So rather than worry about trying to be “appealing” to a so-called international market, they first need to make sure they appeal to themselves and write the best book they can.
Booksoarus: There is a school of thought that believes that good writers are born and one cannot ‘teach’ writing. What do you have to say to these people? And, how important is it to ‘learn’ to write – do creative writing courses kill the spontaneity?
Xu Xi: You can’t deny talent. Someone who is born to write will figure out how to do it whether or not she or he ever goes to school for it, just because it’s in the person’s blood. But even a musical prodigy who can perform at the age of four can and will benefit from study of music. It’s not all that different for writers. You can do it on your own, or you can spend a little time listening to what those who have a proven track record have to say.
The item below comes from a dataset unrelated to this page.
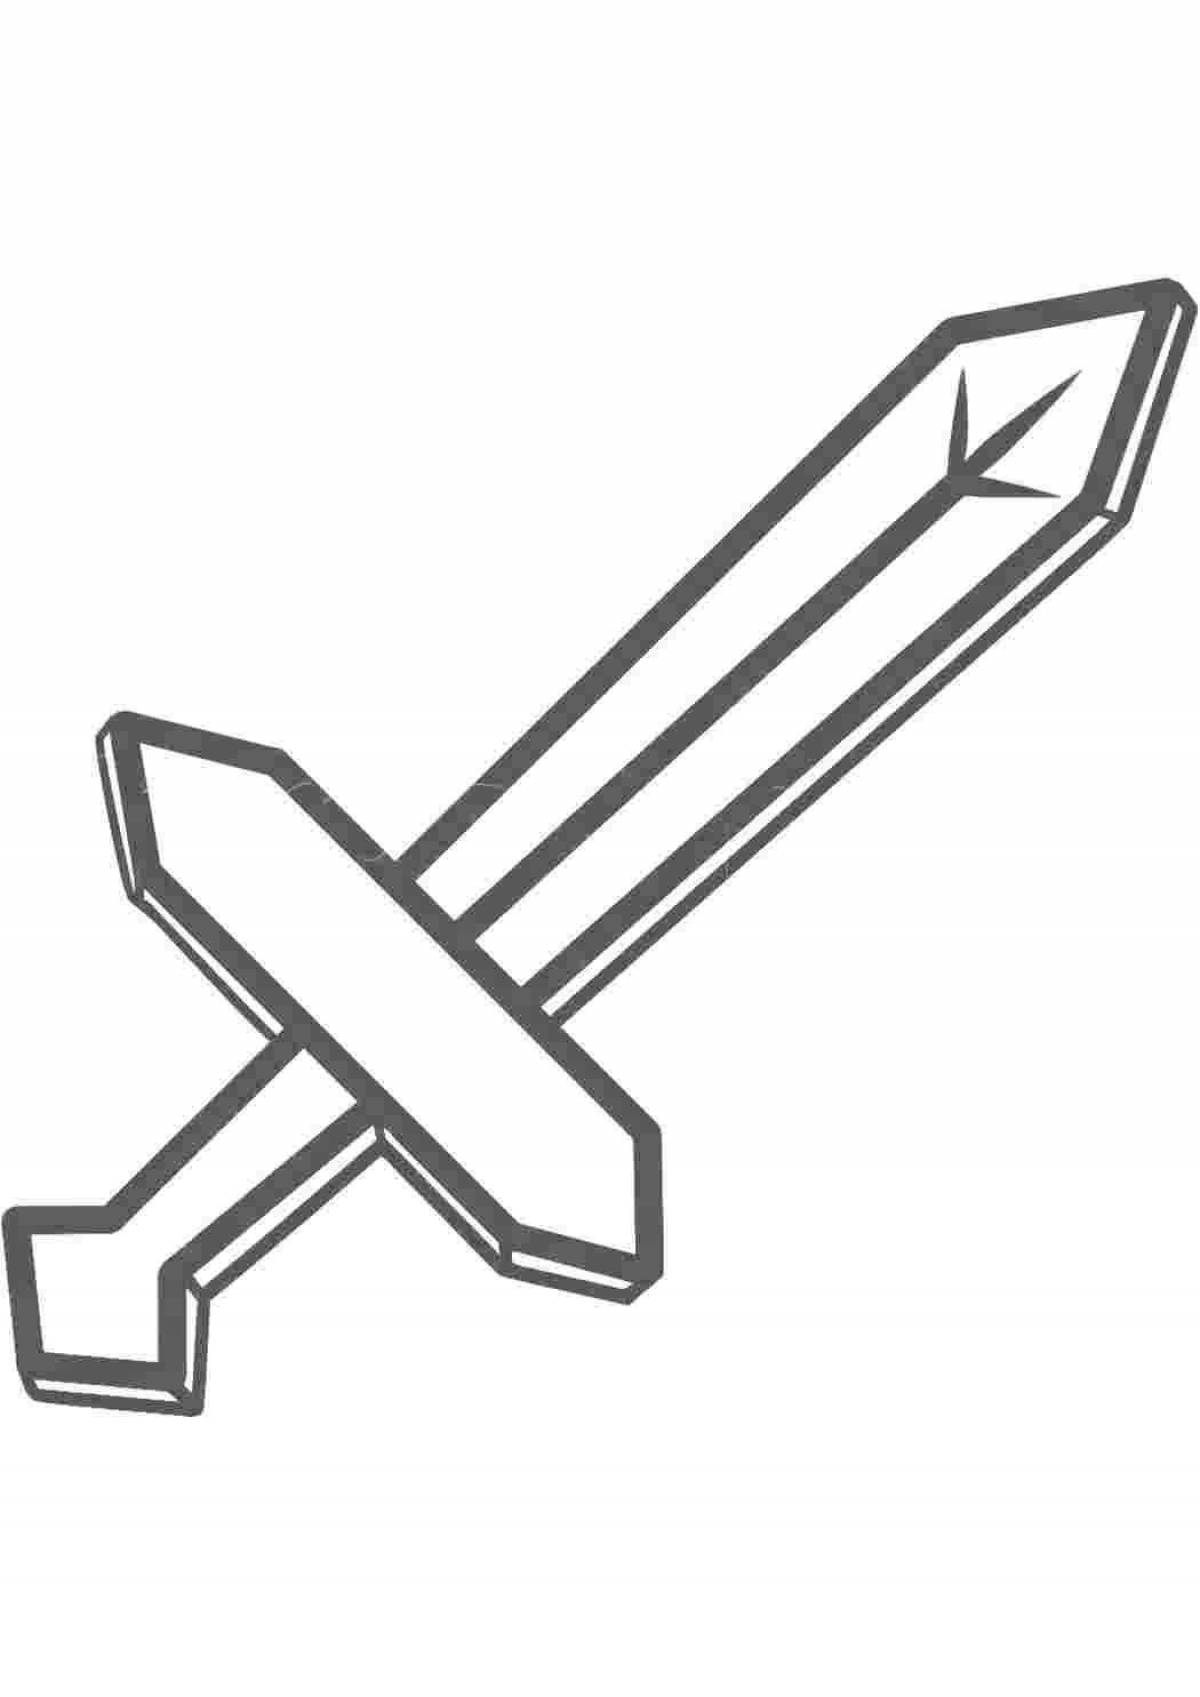 Bright minecraft coloring page with diamond sword

If you don’t like what you hear and figure you can do it better yourself, then by all means, you should. I think MFA’s and creative writing courses generally offer just another avenue for an aspiring writer to consider, but it’s not the only way to learn to write. In the end, most artists in any art form have to teach themselves, even if they go to school for their art.
Booksoarus: In your experience what are the biggest challenges students face during the creative writing process? Writer’s Block, not able to see the idea through all the way or merely the discipline to write?
Xu Xi: It varies with the individual writer, but probably the biggest challenge is when students simply don’t take themselves seriously enough as writers. While it can be a problem to take yourself too seriously, if you don’t take your writing seriously, then it doesn’t matter how talented or disciplined you are, you’ll never really be a writer.
Booksoarus: As an academician, is it acceptable to you when a student tells you that the only reason he or she applied for creative writing courses like the MFA is to improve his or her chance of being published? Would it bother you?
Xu Xi: No, it doesn’t especially trouble me because that is a reason some students take the MFA, and the MFA is an entry into one part of the literary world and publication. It really depends what kind of writer you want to be, and the desire to publish is natural for writers. But if publishing is all you care about, then you might miss the forest because you’re too busy counting trees.
Booksoarus: What advice would you give writers who are unable to invest in creative writing courses like the MFA and yet want to better their craft?
Xu Xi: Find a way to get your work read and critiqued. Read books about craft. Try to meet writers or form a writer’s group of some kind. Take courses online. Read and figure out what you want to write. A MFA is just ONE way to improve your writing. Be creative if you can’t afford the money or time to do a MFA by approximating as much as possible what a MFA does for a writing student.
Booksoarus: It’s been four years now. Do you feel like the conductor of an orchestra getting the writing ensemble together? Is can’t be easy putting together a programme with part-time faculty from around the world and part-time students. Tell us about the journey.
Xu Xi: Sometimes I feel like a conductor who has that orchestra doing what she wants, at other times I feel like I’m constantly in rehearsal and the orchestra just doesn’t sound quite right!
It’s happened a lot faster than I expected. While we don’t get the hundreds of applicants that long-established, mostly residential programs get, we are already seeing a rise in the quality of applicants. We can’t compete with the wealthy residential programs that give a full fellowship (tuition and living expenses or a paid teaching/research position) to every single student they accept, but we’re already competitive with the best of the low-residency programs, I feel.
Having chaired the program at Vermont and taught there for 12 years, I can say with some confidence that our students are on par with theirs, and Vermont is one of the oldest and more highly respected low-residency programs.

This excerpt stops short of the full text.